Agile is already adopted by many in the industry, however Mohamed believes there is still a change of perception that needs to take place, “everyone in the IT world thinks of Agile as a methodology, it’s not, it’s a way of being, you either are or you aren’t.”

“Many people have bastardized Agile into a methodology, forced it to be a process. But it’s a culture, a mindset, and a set of characteristics. There are aspects to the concepts of Agile that are mechanical, but really what you are after are the principles of Agile. Agile delivery is a paradigm shift. In order for people to change you have to let people see, feel, touch. It’s the only way.” In the case study, the stakes were very high, with over 8000 users of a mission critical financial application and selling 90% of the multi-national’s products. Delivery was affected negatively due to a growing backlog of issues, the software was buggy and there was a distinct split between business vs. IT. The latter was one of the first things that Mohamed’s team changed; making business and IT sit on the same side, adopting Agile and using it as a tool to remove obstacles from the workflow, encouraging a more dynamic interaction that involved mutual learning.

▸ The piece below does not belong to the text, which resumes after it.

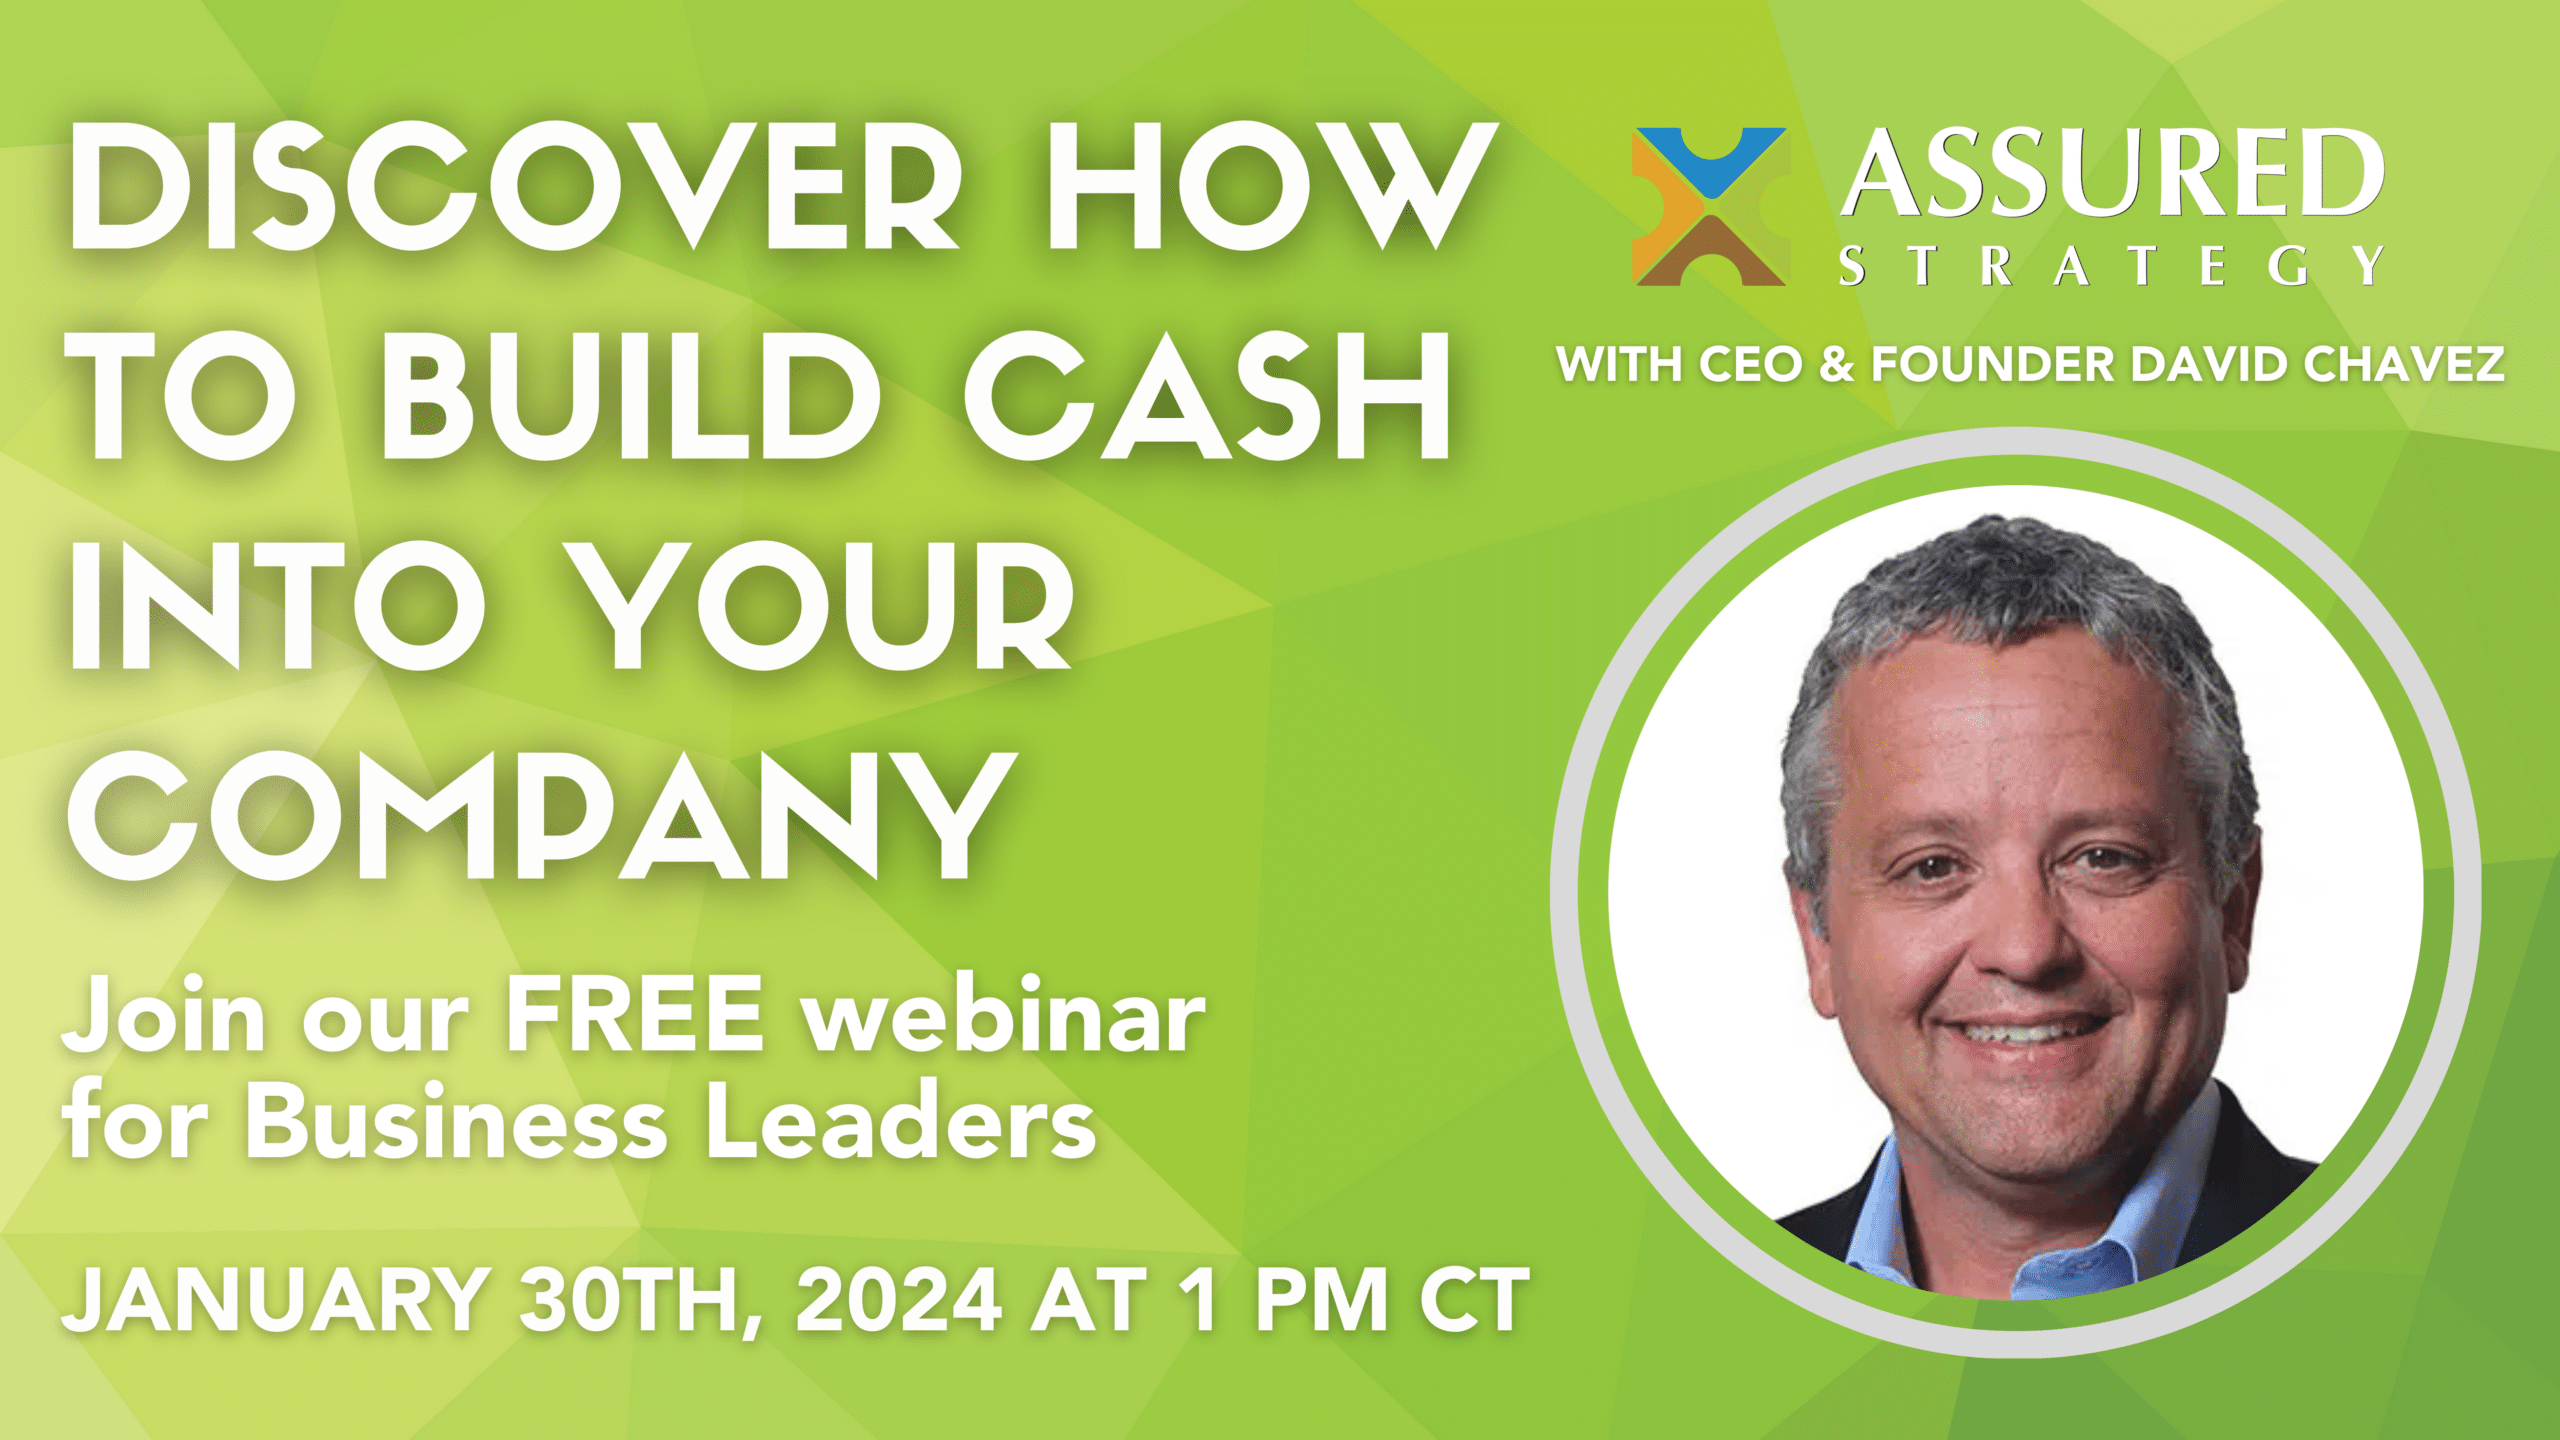 Free Webinar: Why Your Employees Think You Make Wheelbarrows of Money: A Look Into Building Cash in Your Company

“We started time-boxing things in sprints in order to benchmark. These are the mechanics of it. It goes:

  • Sprint planning
  • Backlog grooming
  • Prioritization
  • Analyse, develop and test
  • Demonstrations
  • Retrospectives

These steps work to change behaviour, to force the team to work in a different way.”

Agile rests within the ability of the people, to ensure that you get the best results, the team needs to be finely tuned with the same objectives. Mohamed says “the end goal of Agile is high collaborative, high trust, self-organising team of people who deliver outcomes. That’s when I know that our team has done it’s job.”

For this company, there was no holistic understanding of the solution – not only was the technology antiquated, but there were no architecture guidelines and keeping things up to date was not a part of their routine. This is where projects start to go sour; what businesses tend to do is look at costs and either save or throw money at the problem in the way of tools, resources or people. Morale becomes strained from being forced through team building, training etc. “In actual fact, reduced cost and improved morale are outputs of better collaboration, high trusting and a better organised team, not more training and team building.”

The first stage is to acknowledge that there is a problem, then to accept that what is needed is a paradigm shift. Teams need to be forced to see a different way of working, “quality naturally improves and then when coupled with efficiency will lower costs naturally, this triggers the boost that teams need.” A linear scale will see a paradigm shift with productivity, quality, costs and morale all improving.

In terms of productivity of the company was that teams delivered more features in shorter space of time, that they were significantly quicker to market with their cross-skilled technical BA and test team. The quality massively reduced bug counts through improved development and testing streams, post production warranty items were fewer and maintenance and support loads were reduced.

The shift from storming to performing

Subsequently, the costs were positively affected; reduced cost on the maintenance and support team and project delivery budget was reduced by more than 20%. The best result was that the team’s morale moved from “storming” to “performing”, there was a visible difference in team trust and relations and the business vs. IT division had naturally pivoted and become business and IT.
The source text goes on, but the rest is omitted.